PHOTO N° 1 : ZAWIYA CHADHULI MORONI ILE DE LA GRANDE-COMORE

1.4 UNE COLONISATION DANS LA DOULEUR (1841-1975)

1.4.2 La Colonisation proprement dite

1.4.2.2 La dépossession des terres

1.4.2.2.2 L’étendue des premières confiscations

A la Grande Comore, le sultan ntibe Said Ali ne faisait guerre de difficulté pour se plier aux conditions du traité susmentionné. D’une manière concrète, les engagements auxquels Saïd Ali souscrivait, étaient pourtant des plus lourds. Sans doute, comme nous venons de le souligner, cet acte mettait à la disposition de Léon Humblot toutes les terres que ce dernier voudrait exploiter ; sans égards pour les propriétés privées ni pour les terroirs villageois. Il avait les mains libres pour exploiter toutes les richesses qu’il souhaitait mettre en valeur.

1.4.2.2.2 L’étendue des premières confiscations

La première société coloniale qui se donnait pour but de mettre en valeur les domaines agricoles de Mayotte était constituée à Paris, en 1845, sous la raison social de société des Comores.

Elle disposait à elle seule plus de 3600 hectares, dont 1600 à Dembeni, 1000 à Kaweni 1000 autres à Dzoumogné45.

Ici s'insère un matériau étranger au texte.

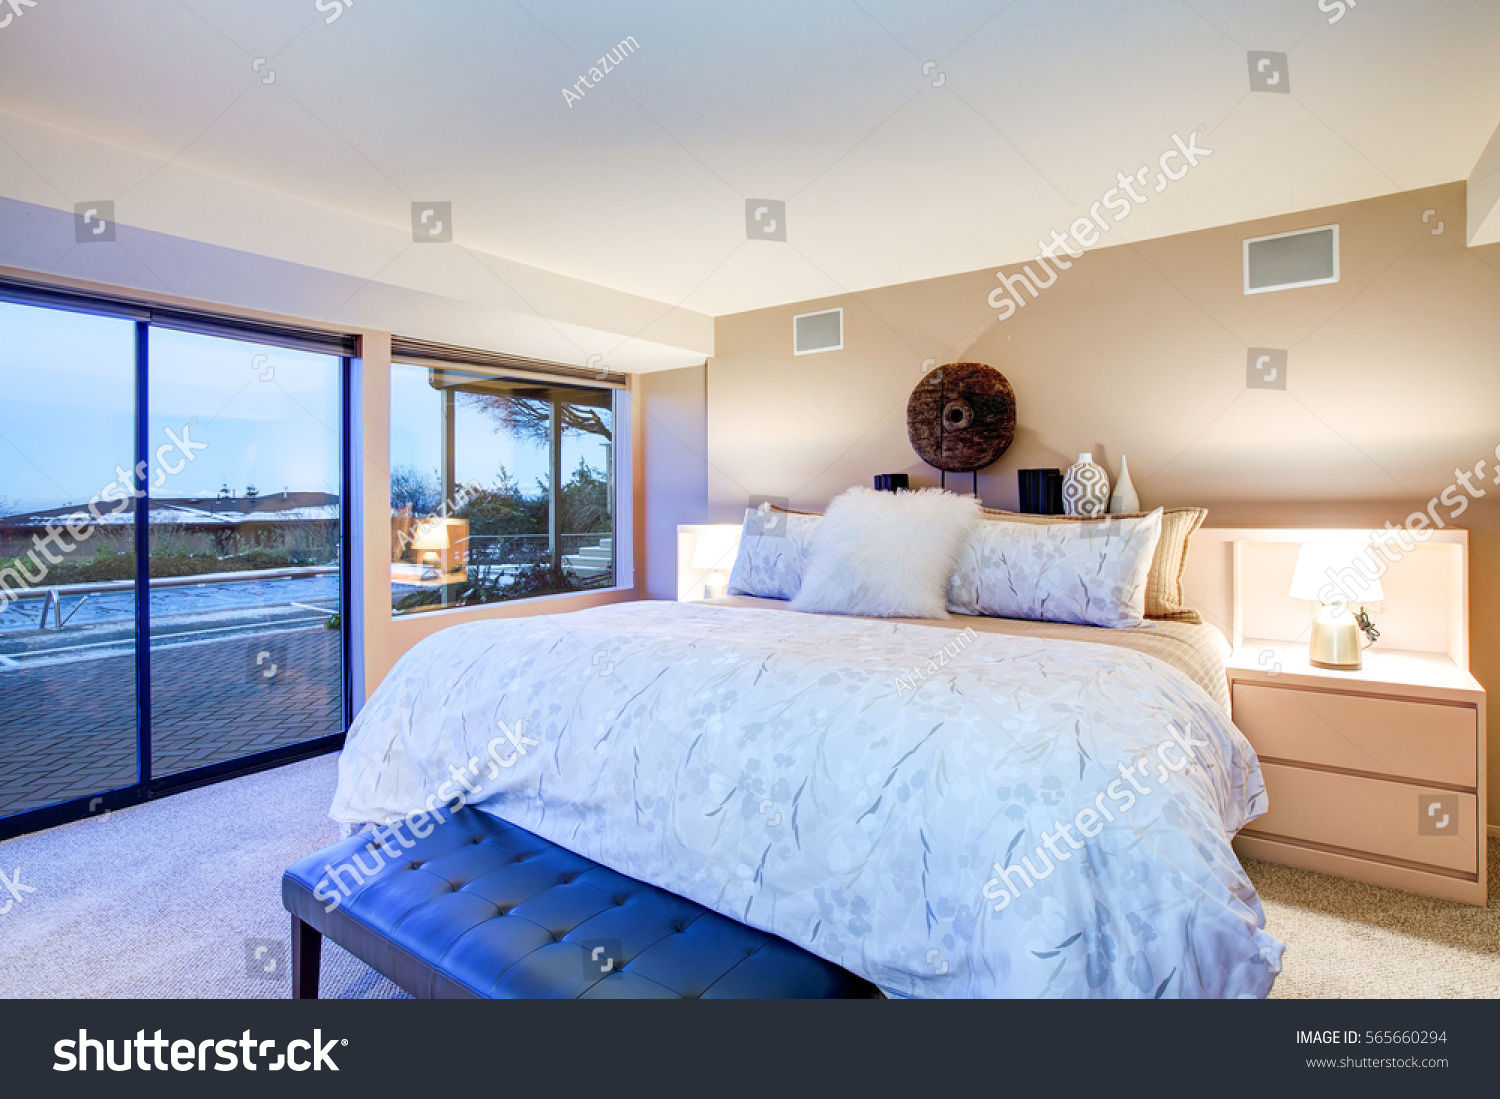 Lovely Bedroom Design Soft Peach Walls Stock Photo Edit Now 565660294

Les dispositions relatives à l’occupation de la terre à Mayotte laissaient les mains libres aux colons pour occuper tous les terrains même habités et mettaient sous l’autorité du gouvernement français toutes les terres non reconnues comme propriété particulières. Pratiquement toutes les terres qui paraissaient inoccupées dans l’île y compris celles de défrichements temporaires devenaient en quelque sorte domaniale. Il est vrai que Mayotte était alors effectivement peu peuplée, car à la suite des invasions malgaches, la population s’était regroupée sur les îles de Dzaoudzi et de Pamandzi sur la petite terre. « Seuls Mtsapéré, Mamoudzou et Chingoni étaient des centres de population notable, abritant quelques cultivateurs indigènes dont il convenait de respecter leurs lopins de terres, d’ailleurs exiguë46». Toutes les procédures d’appropriation, depuis l’ordonnance du 21 octobre 1845 jusqu’au texte de 1865, avaient accordé aux planteurs la possibilité d’accéder à la propriété de leurs concessions. Les témoignages oraux recueillis à Mayotte montraient bien comment les mahorais avait mal perçu les appropriations abusives dès le départ.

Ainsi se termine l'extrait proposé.